The bigger risk these days is how easy it is to lose your phone number, which
seems to be the trendy way to break into accounts. Using Google Voice for SMS
2FA seems like an OK workaround until companies get a clue that phone numbers
are barely tied to their user if access to the user's account is desired.

Welp, I wish Cloudflare would add Yubikey support now too to make it easier to
lock down account.

------
joering2
> however if you’d like me to recommend a more secure registrar i recommend:
> NameCheap

Please don't. NameCheap is horrible at security of your account and at
customer support in general; I personally had a battle with my ex (who just
happened to know my name and DOB, very easy to find online anyways) and she
was able to start transfer of all my domains. I was able to get involved but
it was he say / she say battle for days during which all my domains were
suspended so no traffic and no sales online (loss of about $80,000). The big
problem was to cut cost NameCheap hires cheap helpers from Eastern European
block (just login to their chat you can quickly see by name of CS) and each
helper was telling me (and her) different story.
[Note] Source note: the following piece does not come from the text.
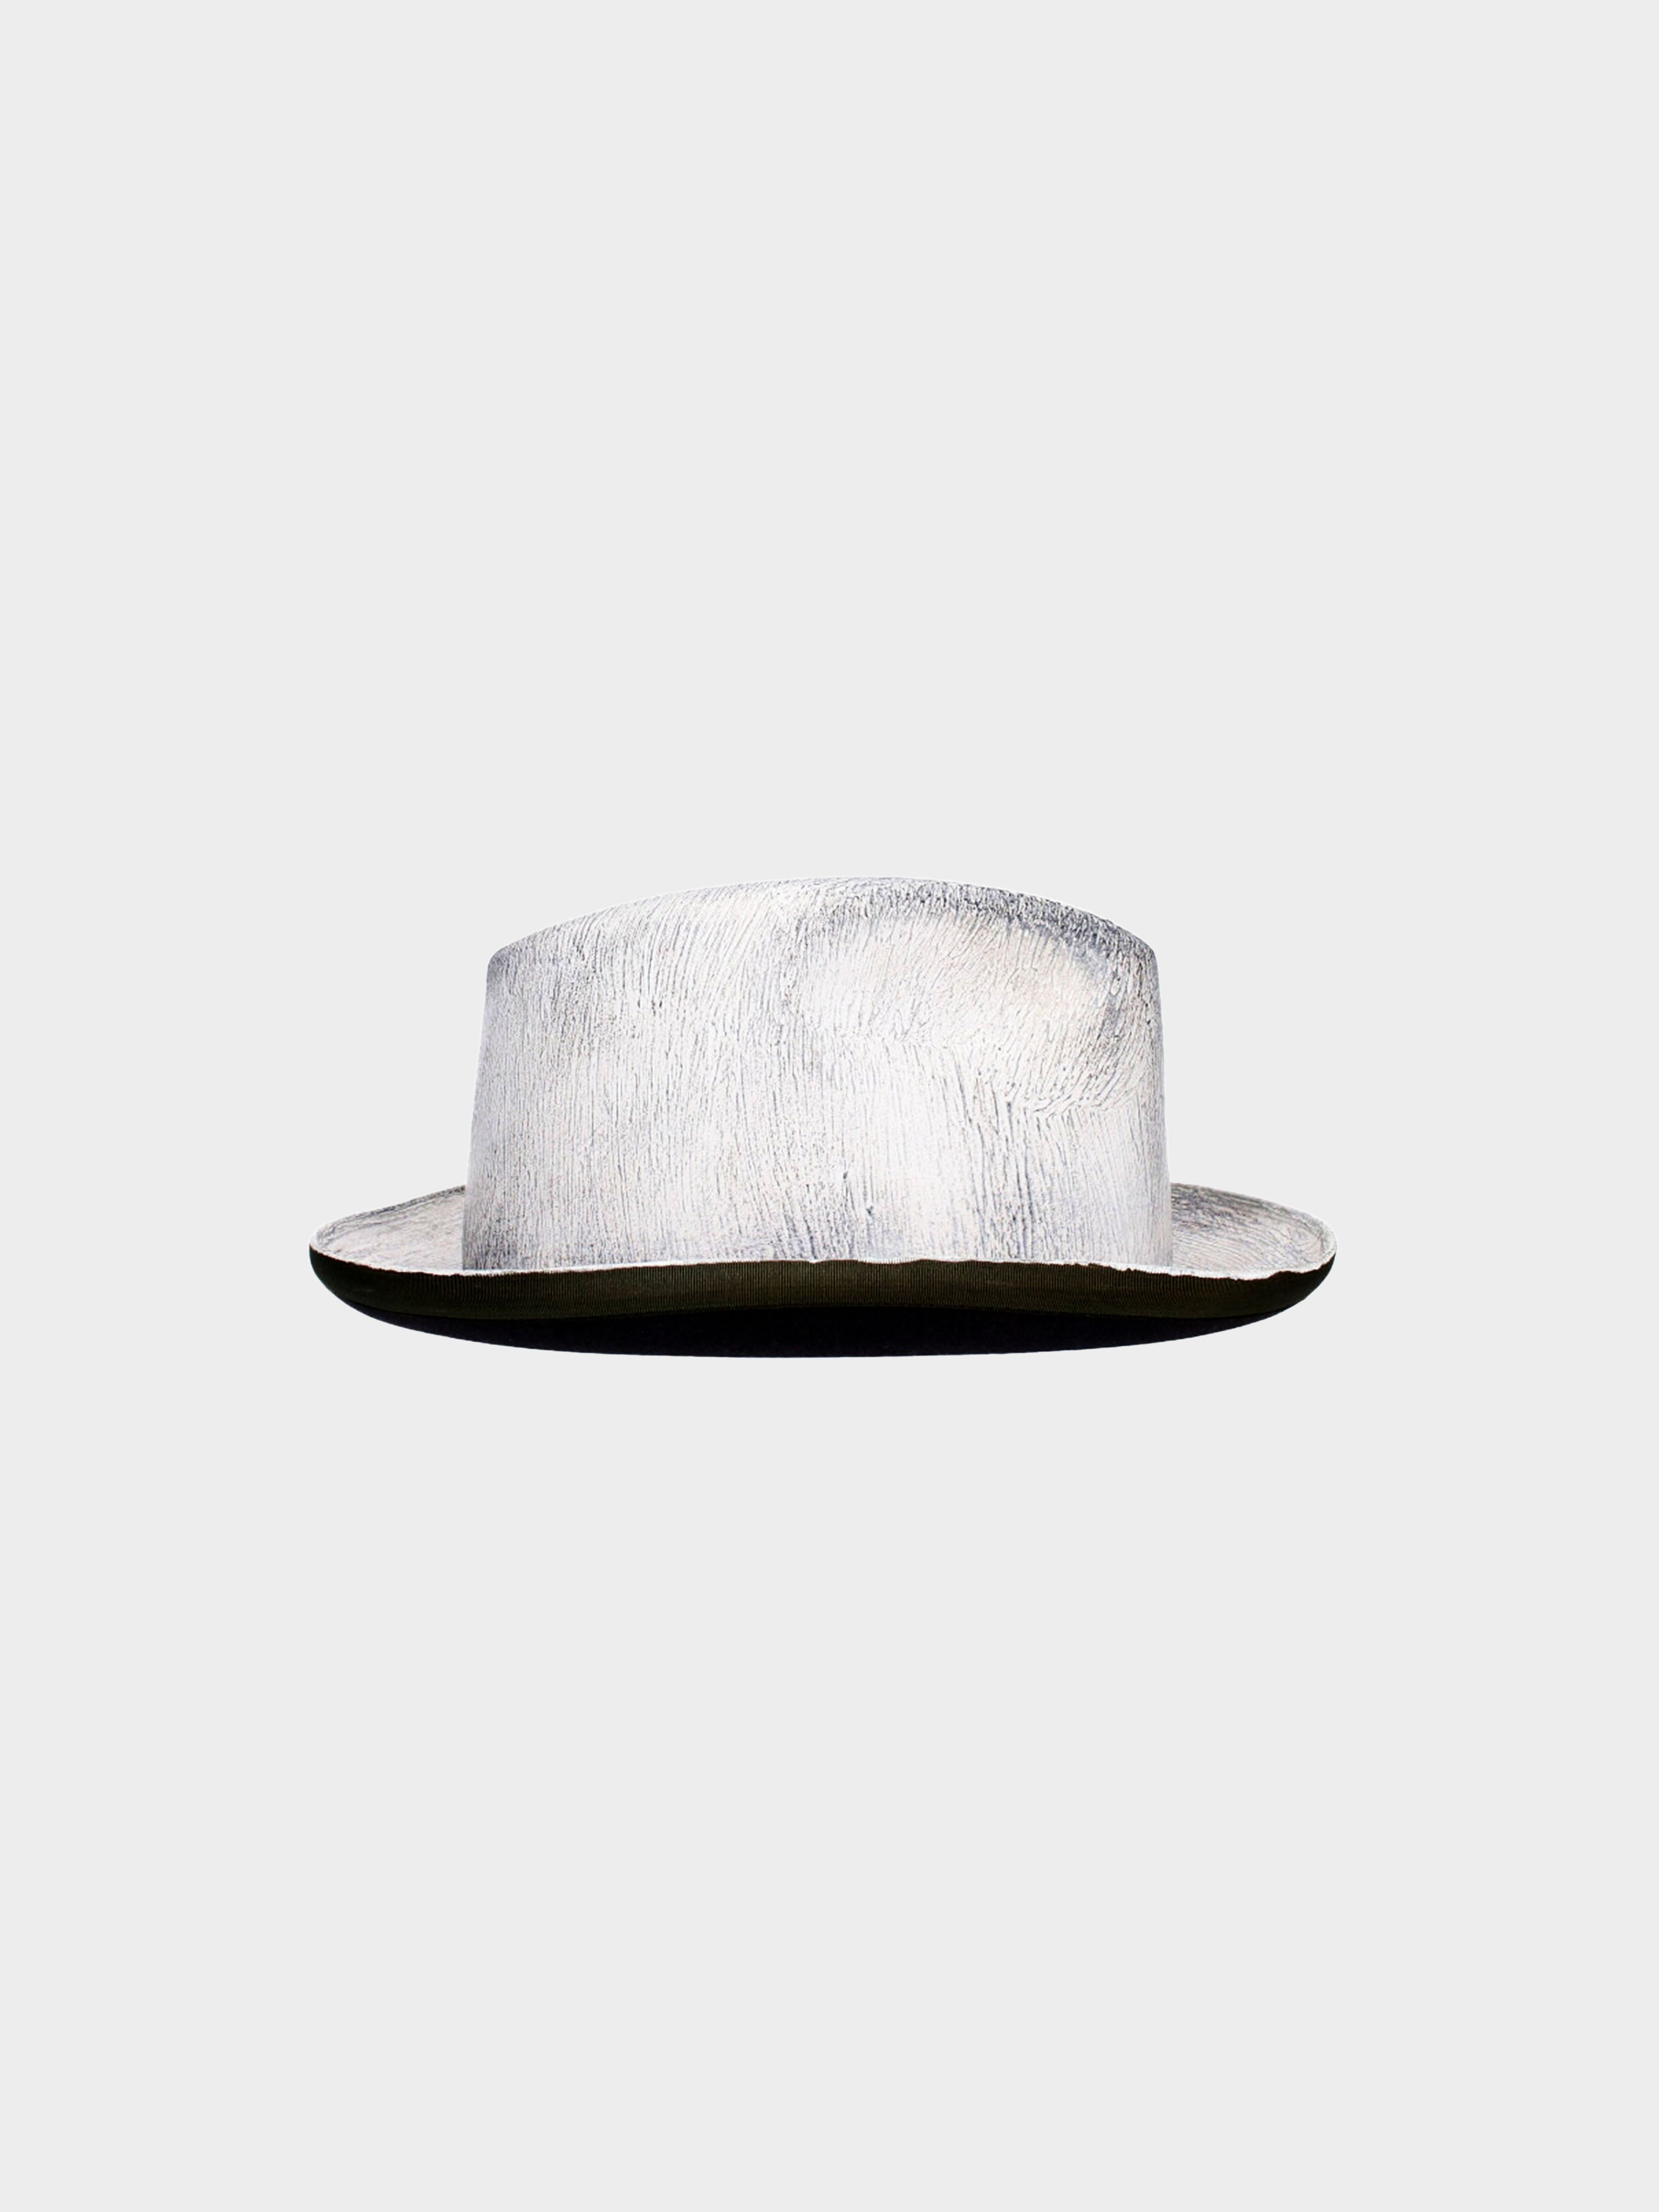 Maison Martin Margiela FW 2000 White Painted Artisanal Hat

Eventually it got "solved"
after about five days where my ex just agreed to cancel the transfer
altogether. This was circa 2016, unsure if anything changed, but I gradually
moved out most of my domains (I prefer NameSilo and DynaDot these days - much
more robust verification process)

Edit: to clarify: the domains have stayed with my ex and that was final
decision of NameCheap since she was the one to answer security questions
correctly. As I indicated, what solved the issue is she eventually decided to
drop it and return them to me. A change of heart if you will.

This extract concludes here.